The plaintiffs have moved to certify a class of beneficiaries of the "Empire Plan," an HMO for New York state and municipal employees.  They have also moved for partial summary judgment on liability and on the right to injunctive relief for one of the large insurance plans before the court.  These motions have been fully briefed for many months and await decision.

The plaintiffs filed a Fourth Amended Complaint on July 11, 2007.  UHC has moved to dismiss most of its counts, that motion has been briefed and the parties await a ruling.

On February 13, 2008, the New York Attorney General announced that he had commenced a broad investigation into the use by insurers of defective databases when determining “usual, customary and reasonable” payments made to out of network healthcare providers.  The Attorney General also announced his intention to bring suit against UHC related to defects in its Ingenix database.  The Attorney General’s investigation is ongoing and may result in investigations by regulators in other states. 

AMA involvement

The AMA is a named plaintiff in the case.

American Society of Anesthesiologists/Wisconsin Blue Cross Litigation

Issue

The issue in this case was whether an insurance company had improperly “bundled” and “downcoded” medical services provided by anesthesiologists, which resulted in underpayment to those anesthesiologists for the services provided.

AMA interest

The AMA supports fair payment to physicians for their medical services.

Case summary

A number of Wisconsin anesthesiologists complained of improper “bundling” (i.e., packaging of medical services for payment purposes) and “downcoding” by Wisconsin Blue Cross/Blue Shield, contrary to standard Current Procedural Technology (“CPT”) coding guidelines for classification of physicians’ services.  The Litigation Center supported the Wisconsin anesthesiologists in their efforts to secure just payments from Wisconsin Blue. 

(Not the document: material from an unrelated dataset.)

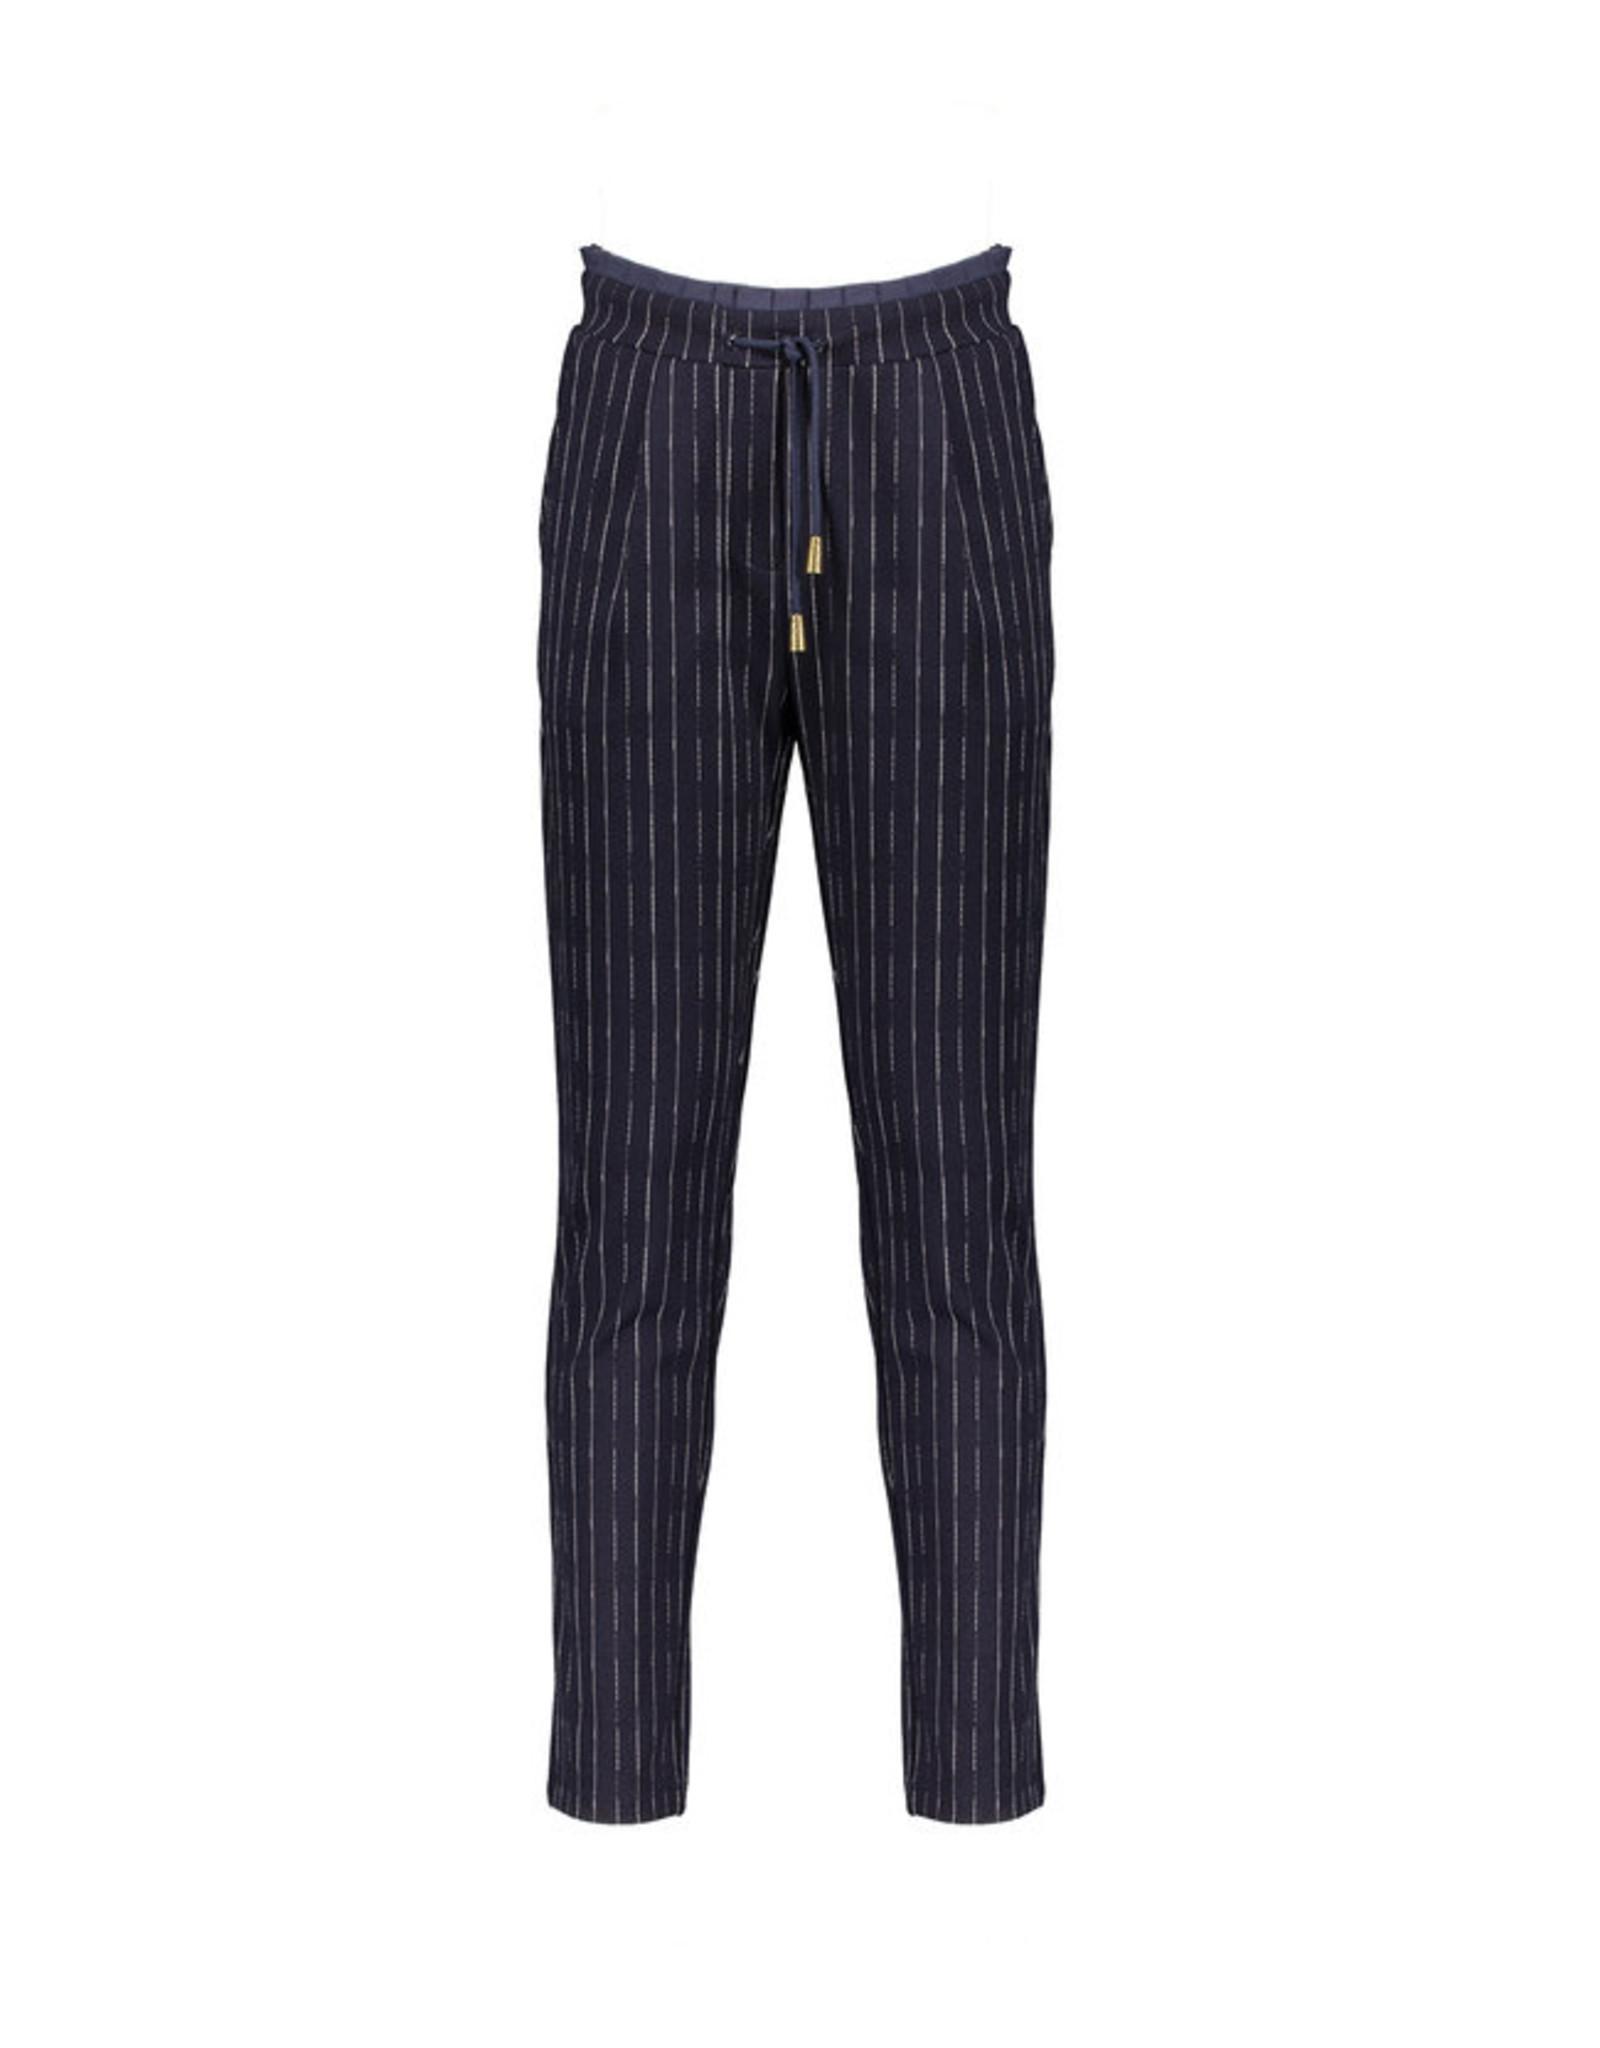 NoBell NoBell pinstripped pants 3600 navy blazer

When the anesthesiologists informed Wisconsin Blue that the AMA was supporting them, Wisconsin Blue initiated settlement discussions.  The case settled in the anesthesiologists’ favor.

Litigation Center involvement

The AMA provided general consultation and referral to expert witnesses, as well as publicly declaring support for the physicians.

Arkansas Blue Cross Blue Shield Lupron Payments

Issue

The issue in this administrative proceeding was whether a Medicare fiscal intermediary could recover alleged overpayments it had made to physicians for prescription medications, when the physicians were without fault and the fiscal intermediary had implemented ambiguous and inconsistent payment policies. 

AMA interest

The AMA opposes unfair and untimely efforts by payers to recover money paid to physicians for their services, particularly if the physicians continued to render services or incur expenses under the good faith belief that the money they were being paid was the amount they were entitled to receive.

Case summary

Approximately 120 urologists, oncologists, and other physicians (located primarily in Oklahoma and New Mexico), resisted an attempt by Blue Cross & Blue Shield of Arkansas (Arkansas Blue), a Medicare fiscal intermediary, to secure a refund of alleged overpayments made for Lupron.  Fiscal intermediaries operate under directives from  the federal Centers for Medicare & Medicaid Services (CMS), which funds Medicare.  Lupron, most commonly prescribed by urologists and oncologists, is a drug used to treat prostate cancer, among other medical conditions.  Because prostrate cancer is an age-related illness, many of the patients using it are covered by the Medicare program.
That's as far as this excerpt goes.